[The data]
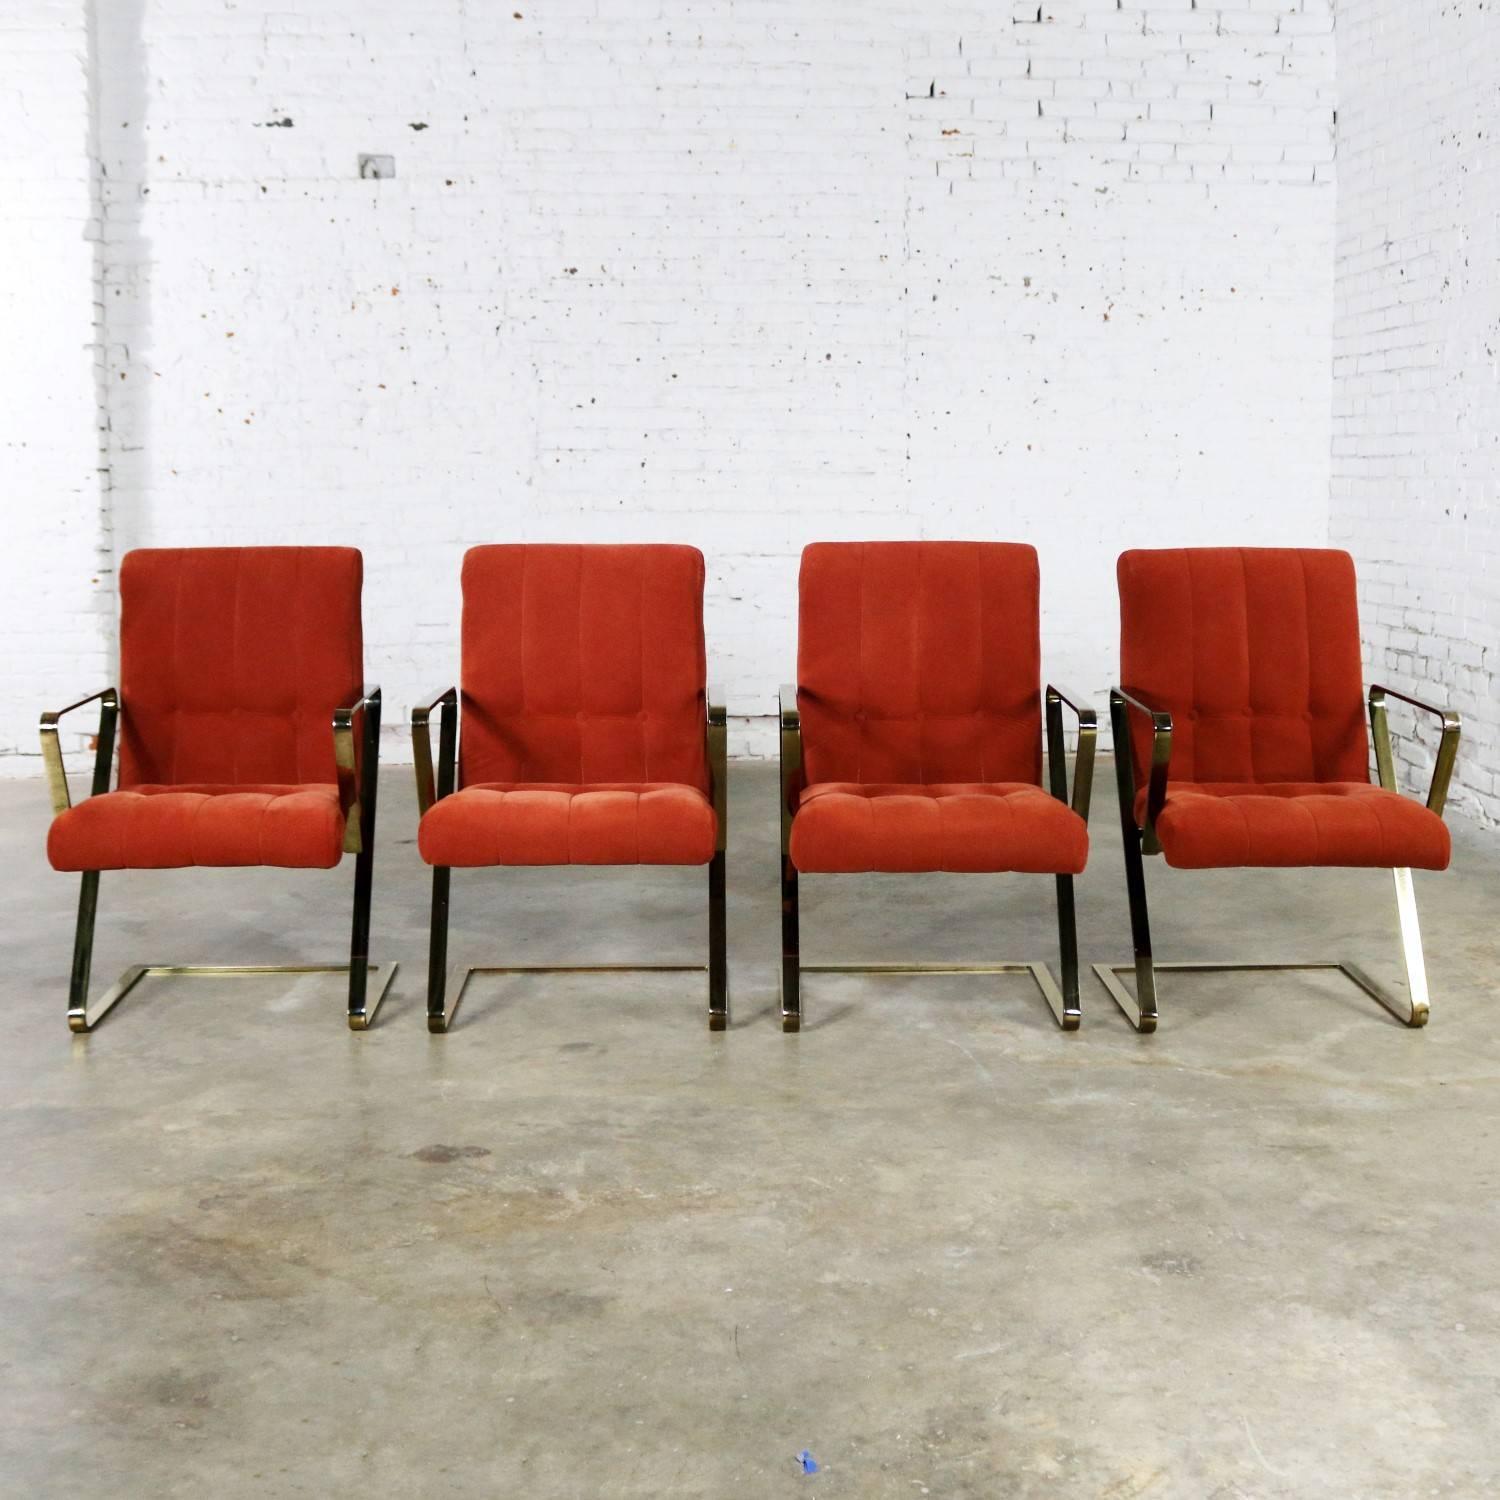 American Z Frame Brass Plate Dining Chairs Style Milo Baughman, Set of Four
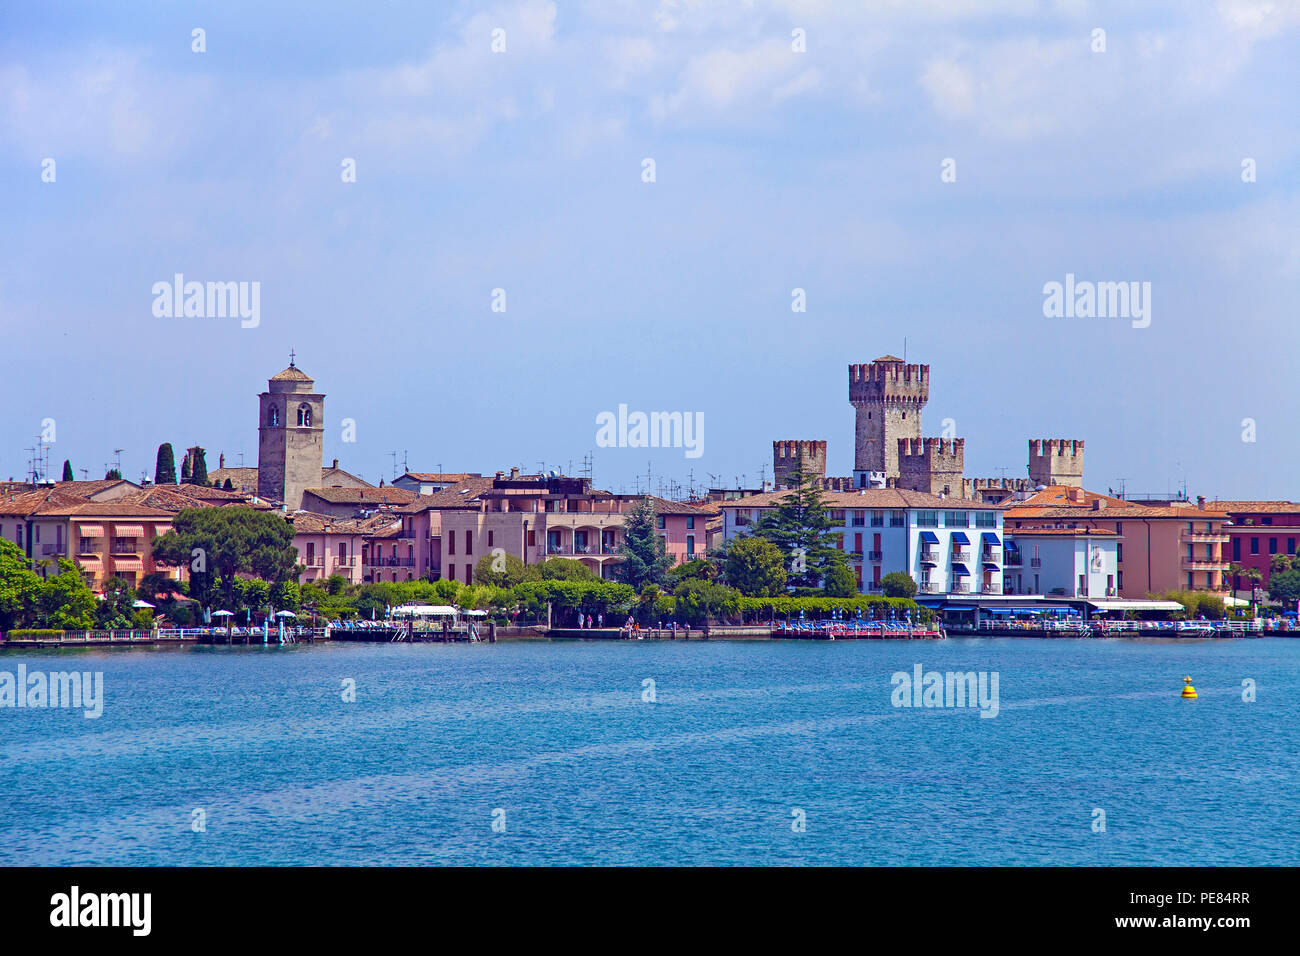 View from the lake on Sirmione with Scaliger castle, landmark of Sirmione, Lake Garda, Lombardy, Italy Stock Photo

* * *

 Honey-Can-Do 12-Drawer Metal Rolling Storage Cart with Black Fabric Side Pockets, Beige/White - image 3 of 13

--

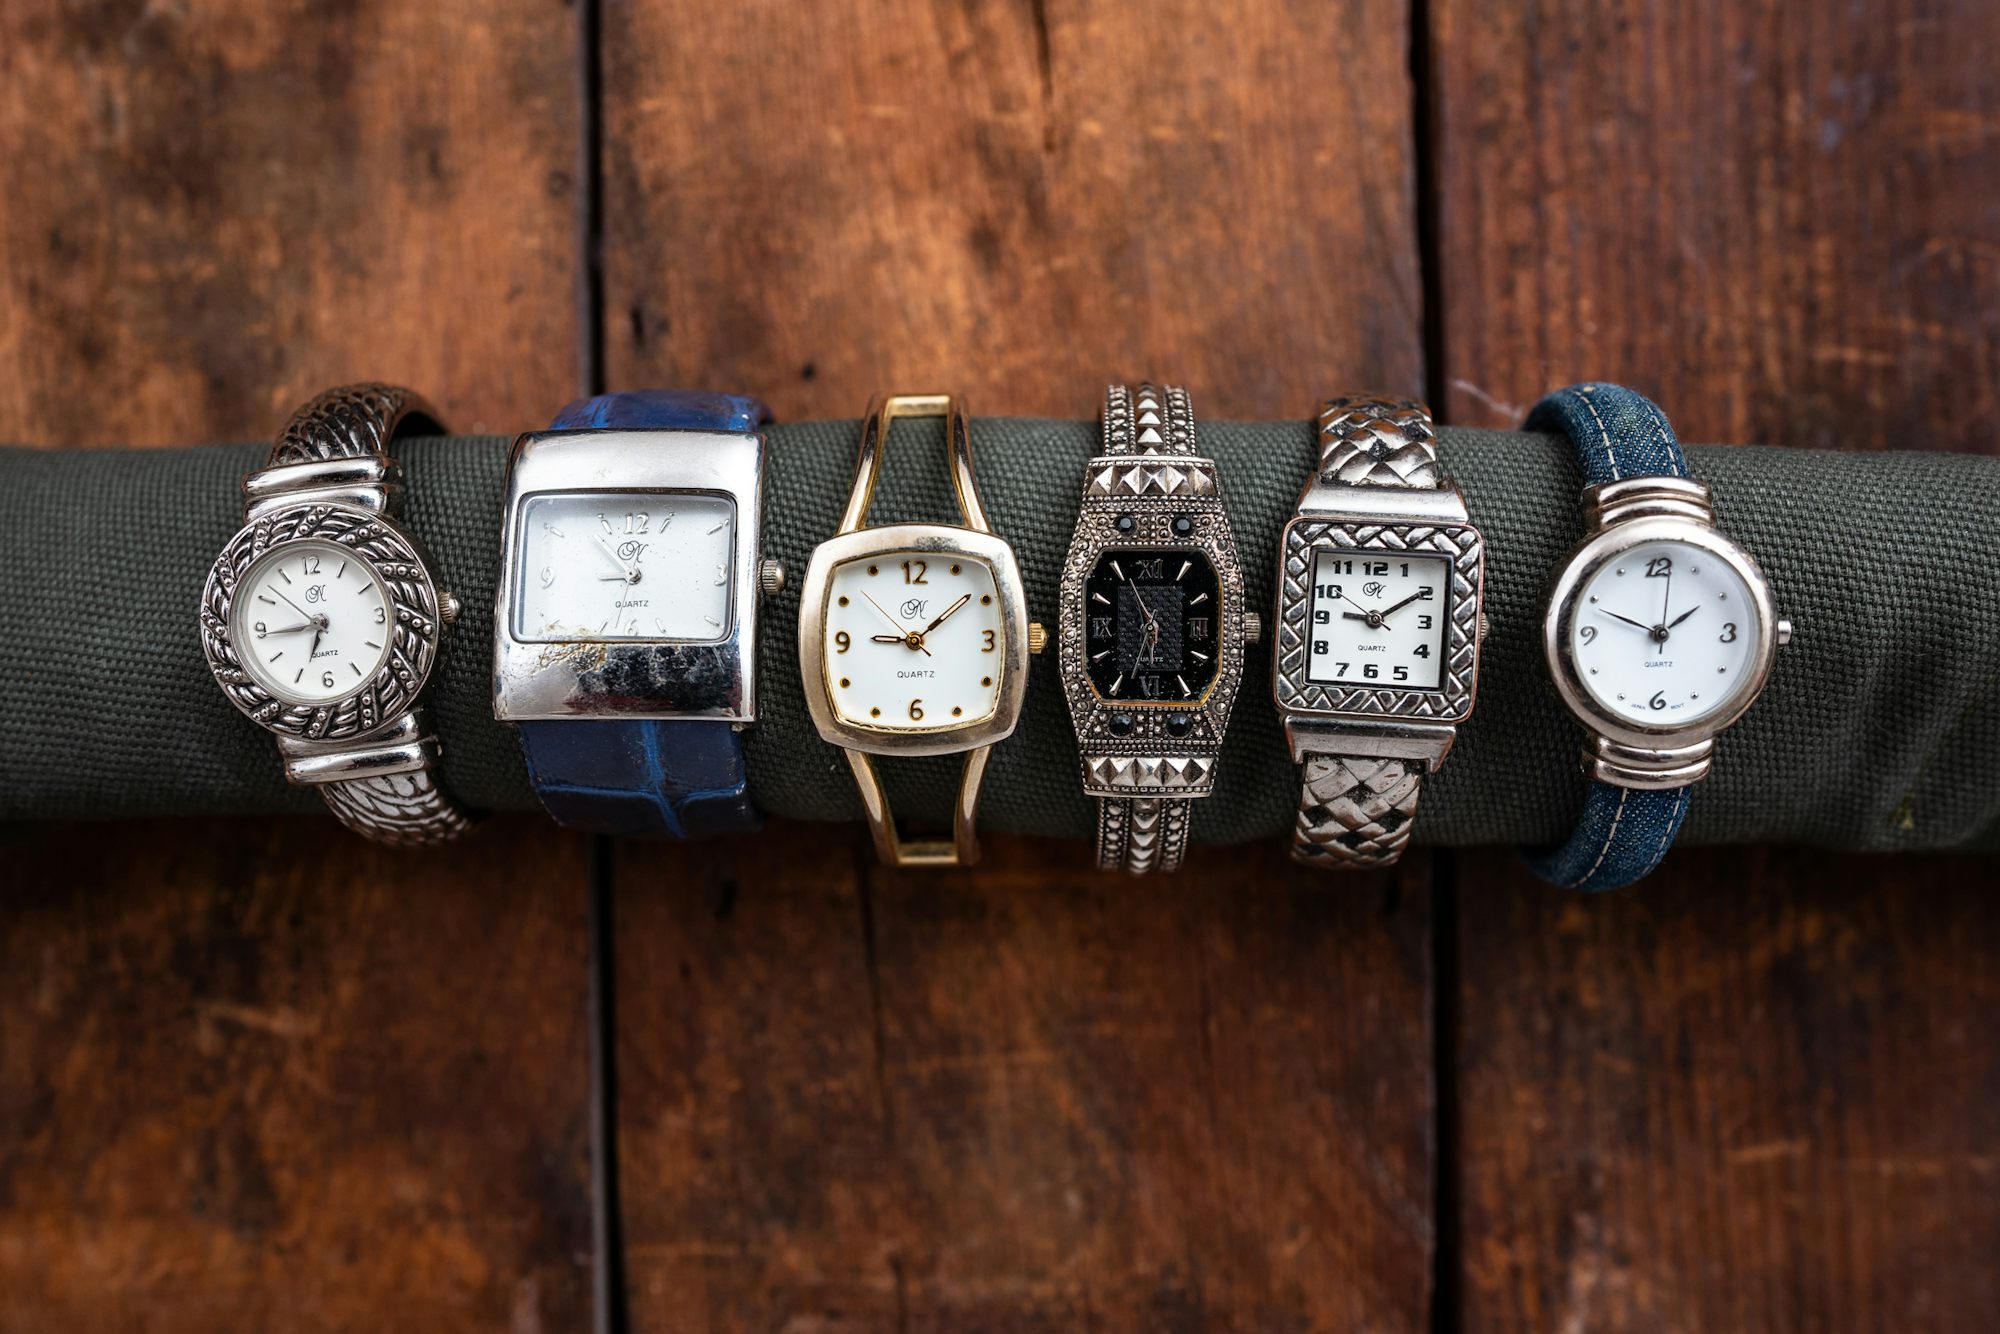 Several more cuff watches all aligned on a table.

[Your assignment] Start at the line containing "American Z Frame" above and stop at the line containing "View from the". Output those lines exactly, both included, but none of the pictures.

[Your solution]
 American Z Frame Brass Plate Dining Chairs Style Milo Baughman, Set of Four
 View from the lake on Sirmione with Scaliger castle, landmark of Sirmione, Lake Garda, Lombardy, Italy Stock Photo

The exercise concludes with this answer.